SCOP40 benchmark
SCOP40 is the de-facto standard benchmark for protein homology search.
It is based on domains in the SCOP database clustered at 40% amino acid identity.
To measure homolog detection accuracy, an algorithm performs an all-vs-all search of SCOP40 domains, discarding
trivial self-hits. At a given E-value or alignment score cutoff, the number of
true positivs (TPs) and false postives (FPs) is measured. To show the range of trade-offs that can be achieved,
the results are usually summarized in a plot which shows sensitivity on the x axis and a measure
which includes errors on the y axis.
Sensitivity may be called "recall" or "true positive rate", these are the same thing.

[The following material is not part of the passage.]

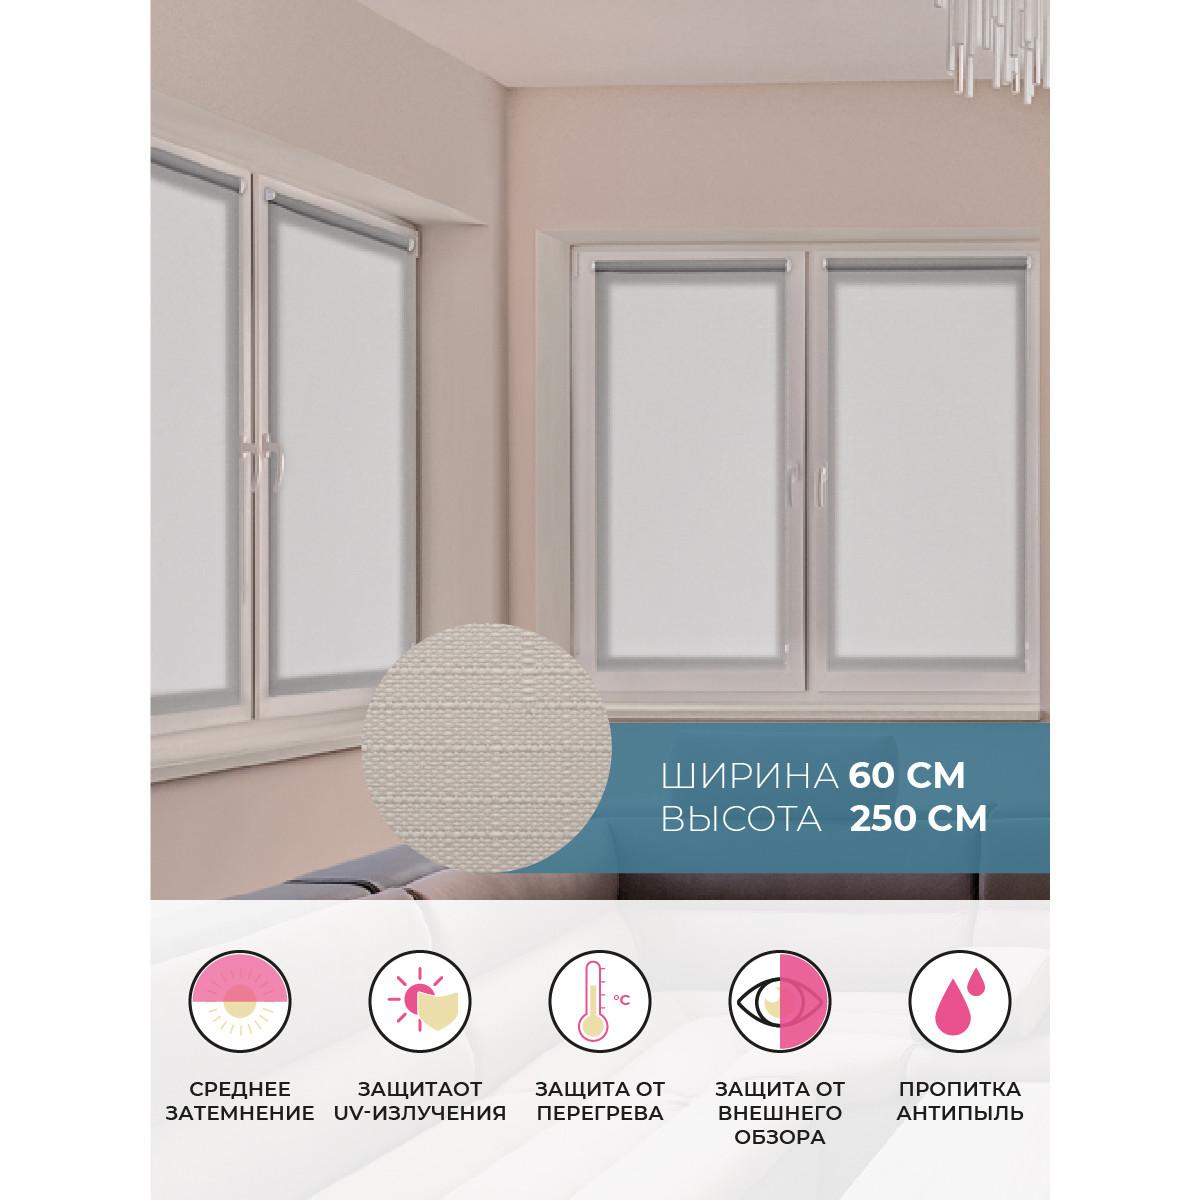 Рулонная Ора Decofest Апилера 60Х250 Цвет Серый
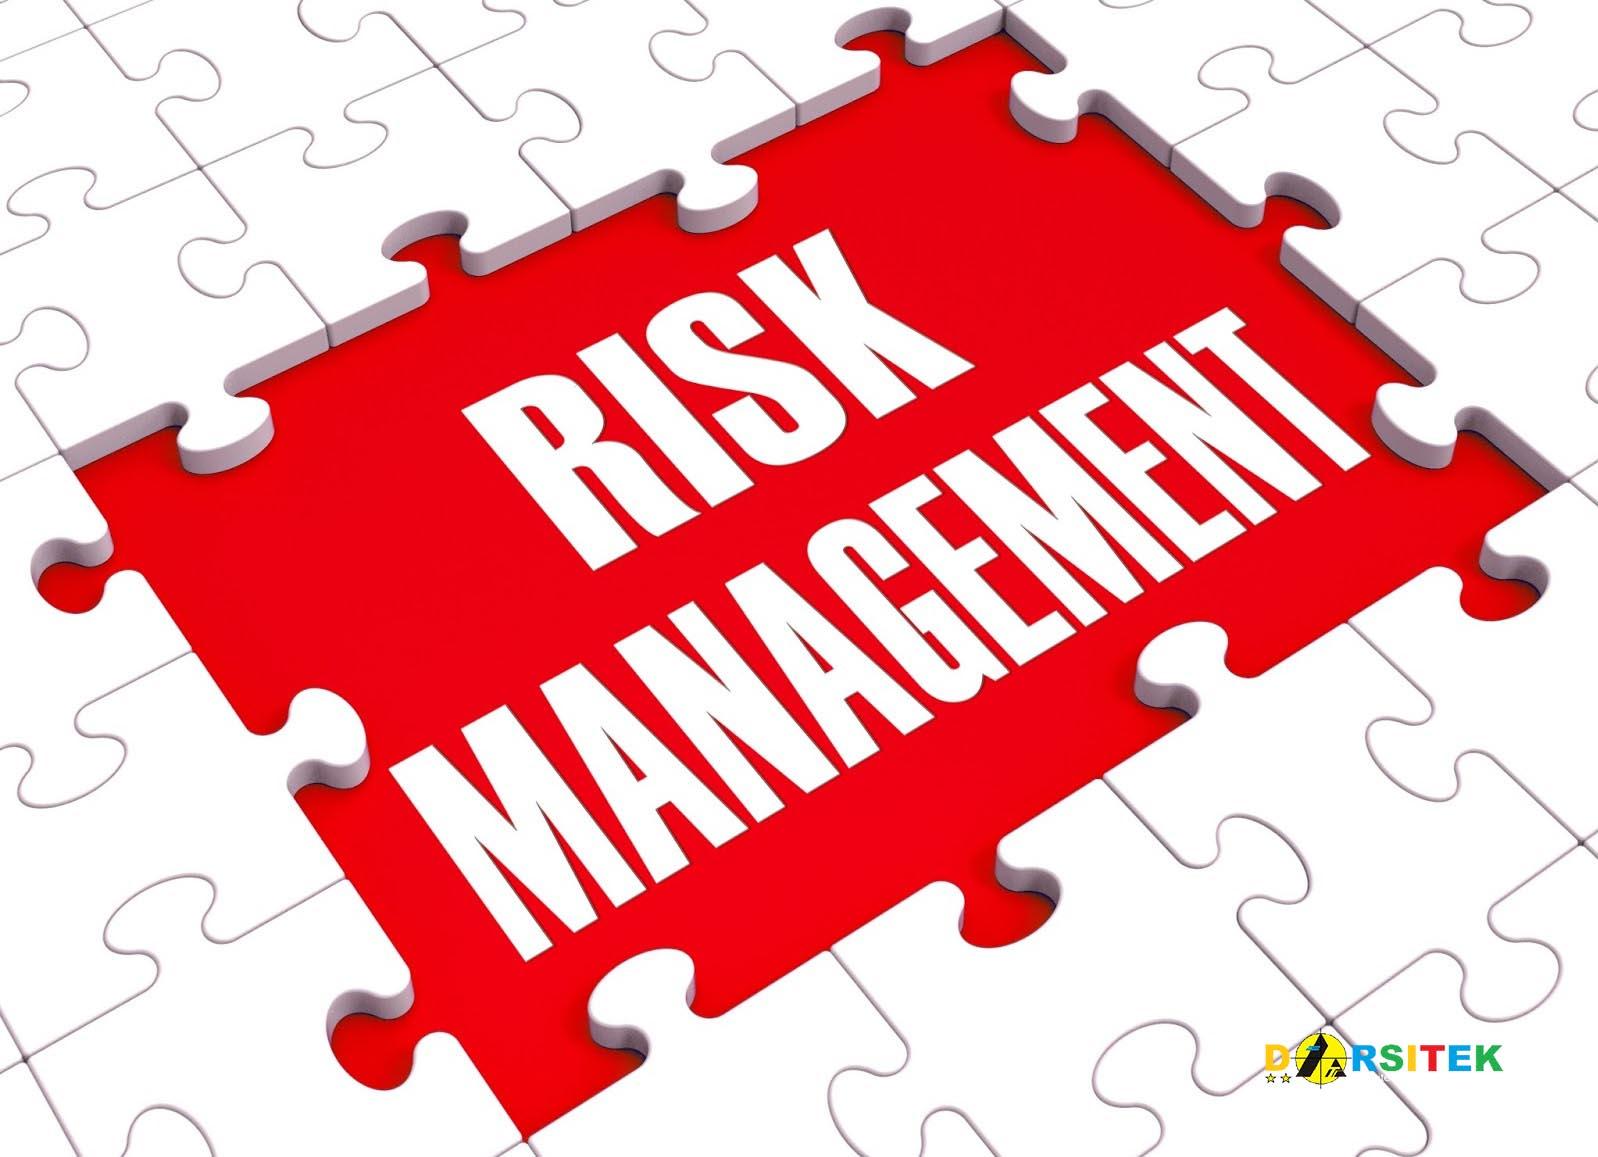 manajemen risiko berjalan efektif

If the y axis is
false positive rate (FPR), i.e. the fraction of hits which are FPs, then the graph is called a
Receiver Operator Characteristic plot (ROC).
Alternatively, the y axis may be can be precision, which is the fraction of hits above the threshold which are TPs,
this is a precision-recall (P-R) plot.
While P-R curves have been used to report SCOP40 results in recent papers, these plots are problematic for a few reasons.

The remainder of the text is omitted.